Second in the franchise, New Moon starts with characters and relationships established and so quickly sets about getting teen ladies swooning. Edward has decided that he has to go; he barely trusts himself with his love, Bella, and her insistence that he turn her into a vampire like himself doesn’t sit well with his idea of the immortal soul, so he denies his feelings and to save his love, he skips town and leaves Bella to a bit of despair. Cue some ridiculous scenes of teen moodiness, firstly of Bella having the most monumental sulk, camera panning 360 degrees around her as she sits motionless whilst the seasons come and go outside her bedroom window. Then comes childhood friend Jacob who Bella decides would be a good way to pass the time and ease some of the Edward pain, regardless of Jacob’s obvious crush on her.

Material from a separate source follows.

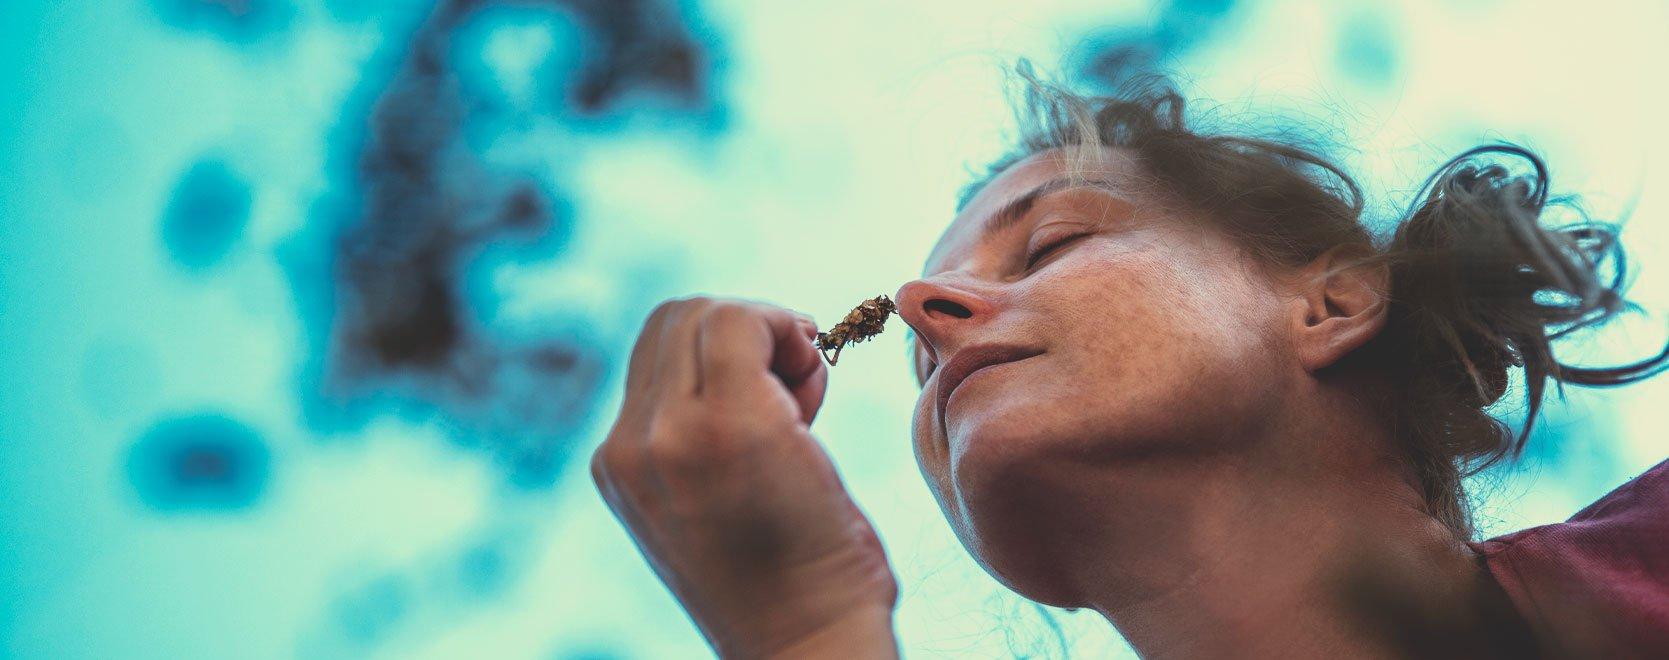 Kann Cannabis Menschen dabei helfen, mit Ängsten, Stress, Gewichtsabnahme, Alkoholentzug und Ähnlichem umzugehen?

She starts to thrill seek like riding too fast on dirt bikes as the danger instigates visions of Edward telling her to stop, only encouraging her as she tries to bring on the visions again and again and satiate her Edward craving. Wispy hallucinations aren’t the peak of the hysteria, though. Jacob’s reaction to Bella playing his heart is to join up with his dodgy mates which entails cropping his hair, suddenly bulking up and developing the habit of running about in the Alaskan forest in just his shorts. Oh, that and becoming a werewolf. It seems that some of his Native American tribe were not just enemies of vampires, but actively fought them as werewolves. It begs the question of how the Native Americans lost North America to the Europeans, but hey.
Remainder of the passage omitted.